Ворон не отозвался. Тишина болезненно натянулась.
– Прости, – шепнул Йен. – Да, мне и теперь больно. Локки никто не заменит.
– Тем более пора поквитаться! Полегчает.
– Не понимаю смысла слова «поквитаться». – Йен горько усмехнулся, – я не радуюсь мести. Для меня она камень. Но я сознаю, что не смогу идти вперед, пока не уберу этот камень.
– Ты устроен не так, как я. Мне нравится месть.
– А мне страшно, – Йен вздохнул. – Слишком много неучтенных случайностей. Мне бы еще хоть год… И главное – этот Бертран.
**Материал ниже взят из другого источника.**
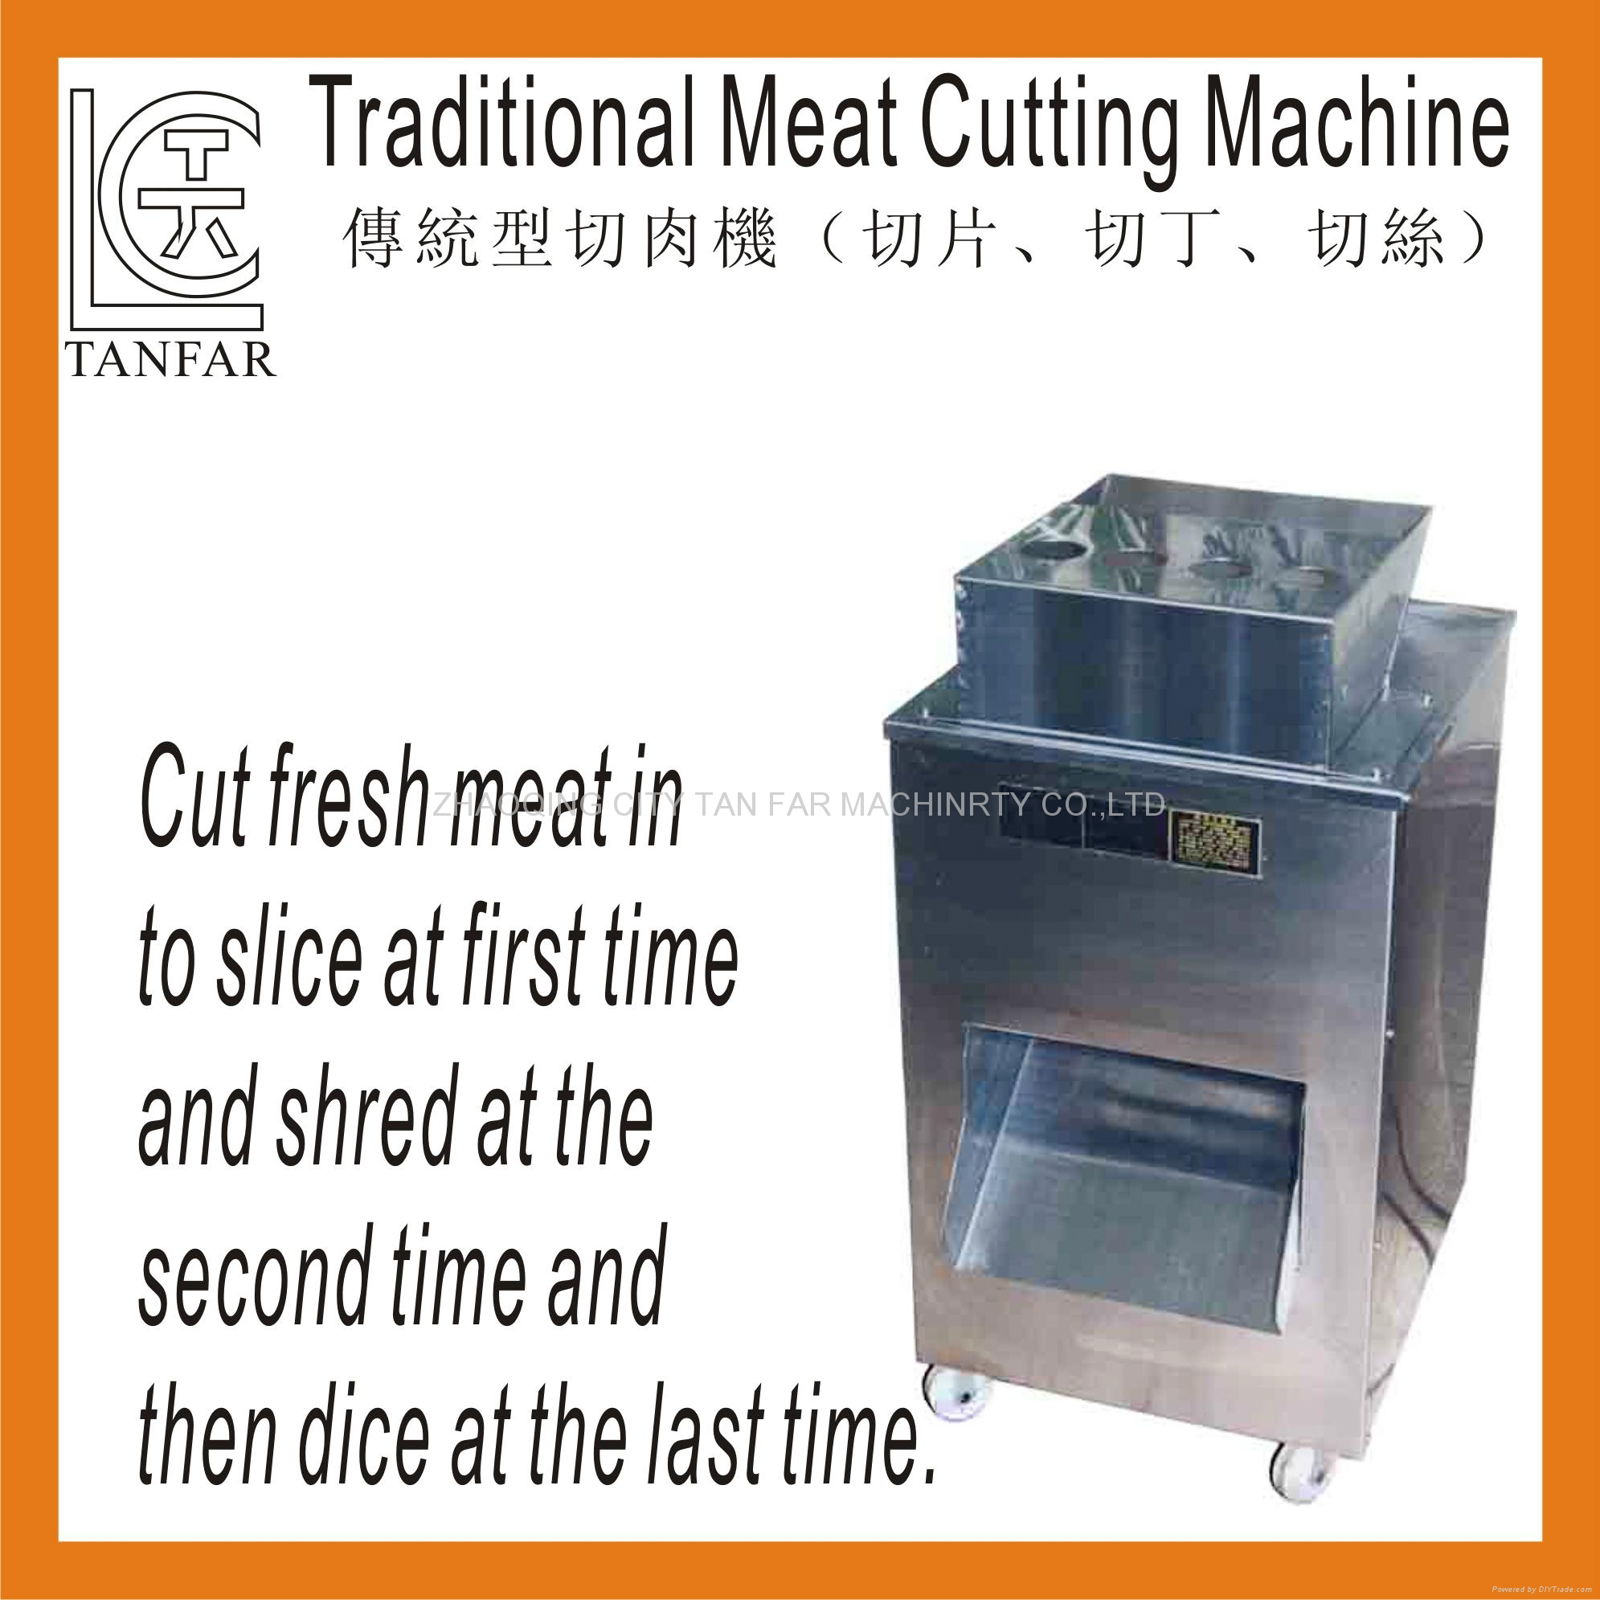 天發傳統型切肉機slicing/shredding/dicing

Его нельзя подготовить, он откажется. И нечестно молча взвалить на его плечи груз.
– Почему нечестно? Его сам Кабан выбрал. Хотя я предпочел бы иного человека. Ты знаешь, кого из трех возможных.
– Нет. Тот изнутри сгнил.
– Тебе виднее.
Йен вспыхнул улыбкой и кивнул. Ворон знал эту особенность золотого человека: беспричинно – если смотреть со стороны и не знать о даре – привечать случайных людей и наоборот, резко отталкивать уважаемых, признанных всеми вокруг.
– Бертран окончательно обнищал, честь – штука невыгодная, – пробормотал Ворон, озираясь. – Ага, вижу. Он перебрался во-он туда. Ха! Люди скажут: из грязи в князи.
Кончик хлыста прорисовал скрытый ветвями контур дома-развалюхи, спрятанного за огромной ивой. Это дерево было прародителем здешнего рода ив. Младшие вежливо клонили головы к воде, а оно гордо раскинулось изумрудно-серебряной кроной о десяти стволах.
Йен замер, щурясь и отпуская повод из безвольных рук. Он не смог рассмотреть домик, он даже иву толком не видел сейчас, вглядываясь в иное – в человека, живущего здесь, его связи, и даже, наверное, его душу. «Опять улыбается, – отметил Ворон, украдкой наблюдая за Йеном. – Когда нет посторонних, он позволяет себе не прятать дар. Да, он видит мир иначе и радуется как дитя, найдя тех, кто не увяз в золотой паутине»…
– Главное состоится сегодня, я утвердился в решении. Зови всех, приступаем. Дай знак. – Йен договорил и выслал коня вперед.
Ворон привстал на стременах, высоко поднял хлыст и резко опустил: Лисенок следит за всадниками издали и не пропустит знак. А Йен… бросить его одного нельзя. Он бестолковый в житейском плане. Несется, словно в мире нет разбойников, бешеных собак, кротовьих нор… а также сплетен и этикета.